Ironically, the JVP affronted elderly politicians and officials in previous administrations, claiming that they were past their productive years and therefore had to be put out to pasture. But no sooner had it formed a government in 2024 than it brought two former police officers, Ravi Seneviratne and Shani Abeysekera, out of retirement and elevated them as the Secretary to the Ministry of Public Security and the Director of the CID, respectively, because they were members of the NPP’s Retired Police Collective. Its action compromised the integrity of the CID and the Ministry of Public Security. Now, it is trying to extend the retirement ages of some members of the judiciary selectively.

Several leading lawyers’ associations, both local and foreign, prominent political leaders and legal luminaries have unequivocally taken exception to the government’s proposed plan to amend the Constitution to extend the tenure of the SC and CA judges. The Bar Association of Sri Lanka (BASL) is leading the campaign against the government plan at issue. Its arguments are cogent. The Colombo Law Society has also asked President Dissanayake not to proceed with the proposed constitutional amendment and warned that such a move could undermine public confidence in the judiciary. The Colombo High Court Lawyers’ Association has also called upon the government to abandon its controversial plan which, if implemented, will undermine judicial independence, disrupt career progression within the judicial service, and erode public confidence in the judiciary. The opponents of the government’s questionable move also include LAWASIA (the Law Association for Asia and the Pacific), which consists of regional association of lawyers, judges, jurists, legal academics and legal organisations in the Asia-Pacific region, and the Commonwealth Lawyers’ Association, which promotes the rule of law, an independent legal profession, access to justice, human rights and high standards of legal ethics.

All arguments put forth by the aforesaid legal associations are compelling. They have pointed out that a change benefiting sitting judges could create a perception of favouritism; judicial tenure is closely linked to the separation of powers and constitutional safeguards; any reform should follow broad consultation rather than a rushed constitutional amendment, and existing vacancies numbering four each in the SC and the CA, should be filled immediately through proper appointments rather than extending the tenure of current judges.

One may recall that in 2024, the then Speaker Mahinda Yapa Abeywardena told Parliament that following the resignation of President Gotabaya Rajapaksa at the height of Aragalaya, in July 2022, a foreign envoy and a group of Sri Lankans had striven to pressure him into appointing himself Acting President in violation of the Constitution, and their intention had been to plunge Sri Lanka into anarchy, like Libya.
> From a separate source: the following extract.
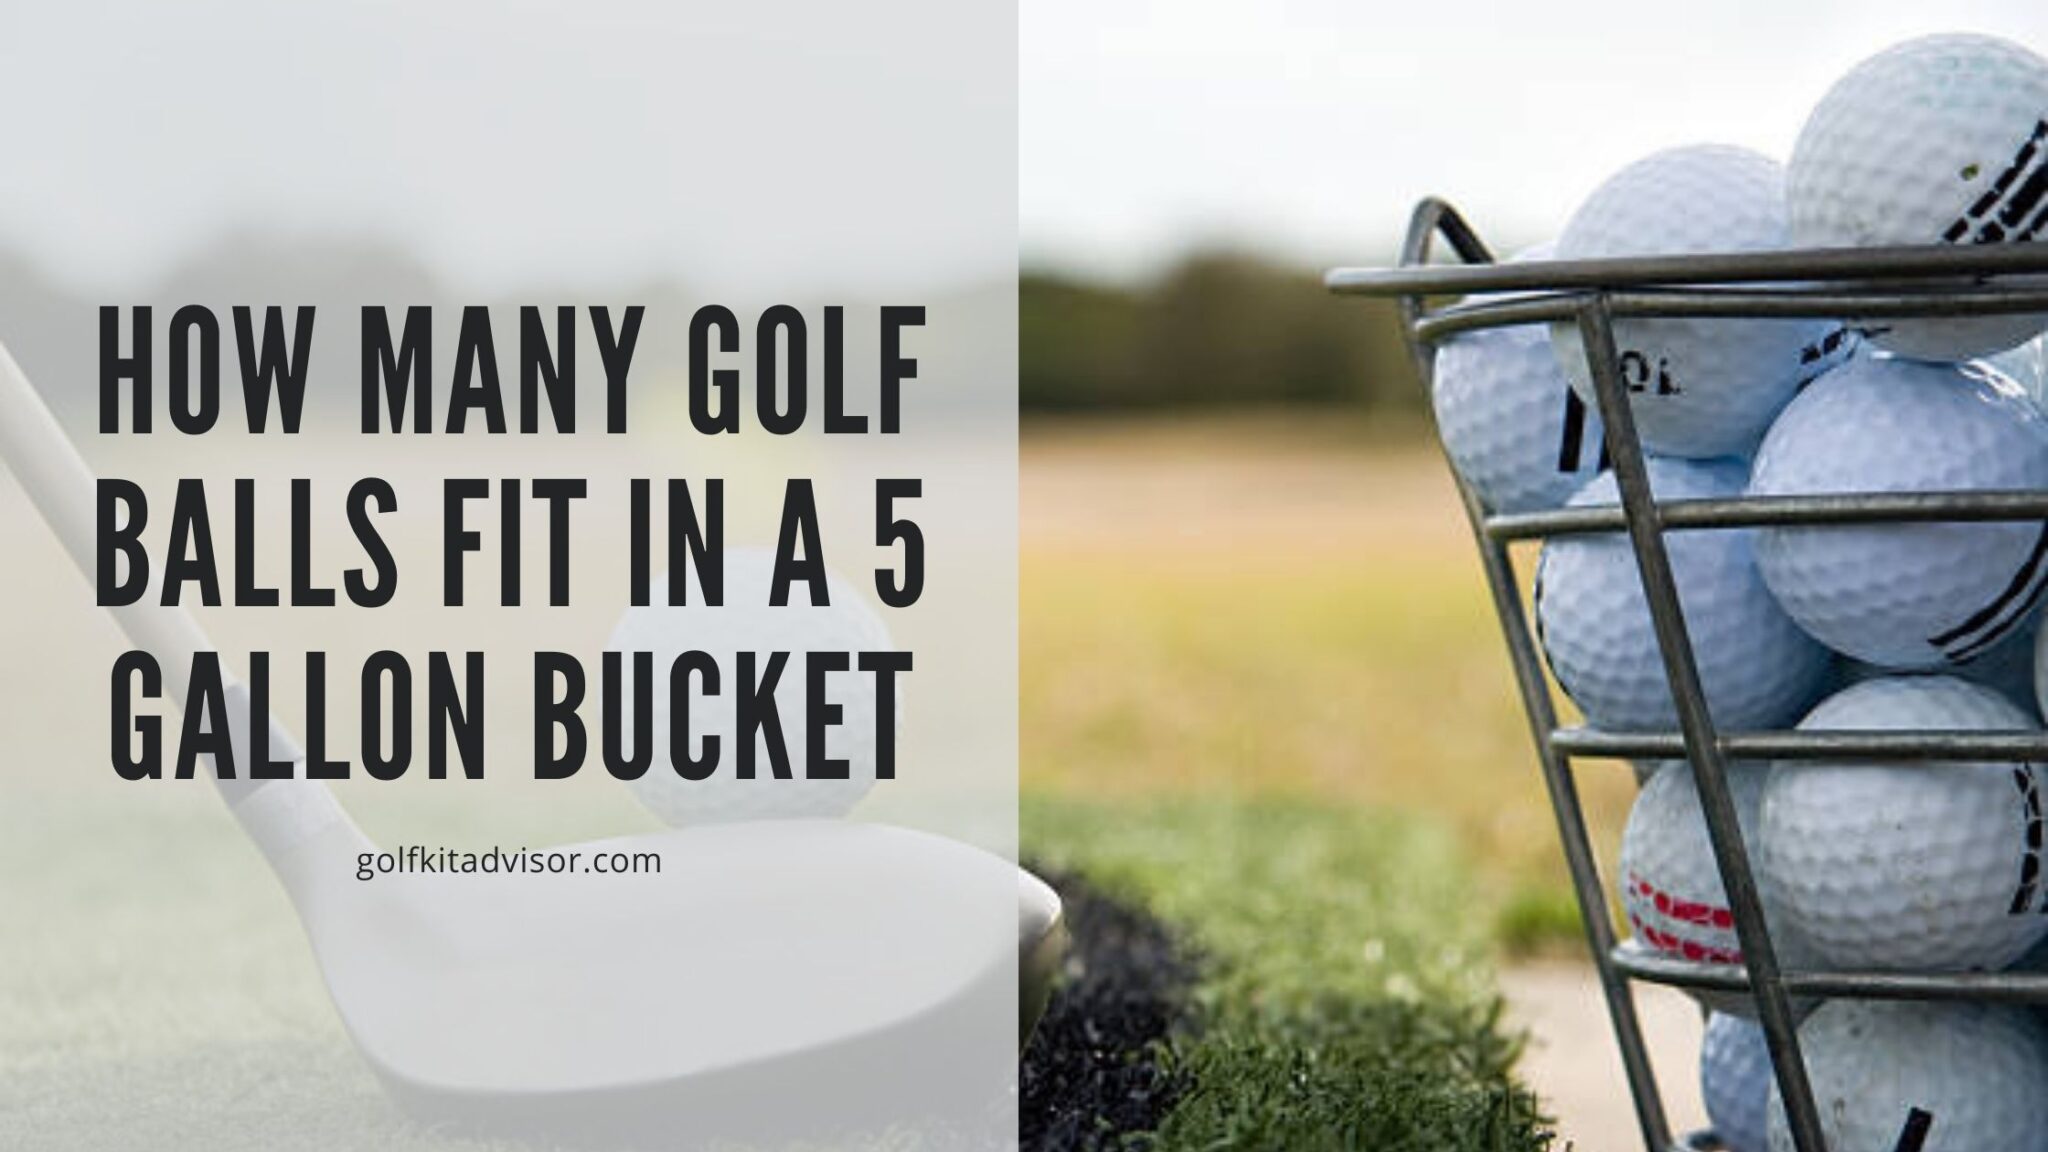 How Many Golf Balls Fit In A 5 Gallon Bucket Golf Kit Advisor

Tens of thousands of protesters were trying to march on Parliament at that time. The JVP has admitted that it sought to lead those protesters to Parliament. Luckily, Sri Lanka did not become Asia’s Libya in 2022, but four years on, under a JVP-led government, it runs the risk of facing the same fate as Zimbabwe!

Addressing a recent BASL public forum, CLA President Steven Thiru warned that Sri Lanka would risk repeating Zimbabwe’s judicial crisis if it went ahead with its controversial plan to extend the retirement ages of sitting judges arbitrarily. If Sri Lanka proceeded with an ad hoc, non-transparent extension of Superior Court judges’ tenure without a broad consultative process, it risked plunging its legal system into a crisis of legitimacy similar to that in Zimbabwe, he warned.

The government must abandon its ill-conceived plan to amend the Constitution to extend the tenure of the superior court judges. Instead, it must take steps to fill the vacancies in the SC and the CA. Let it be warned that missteps can lead to pratfalls.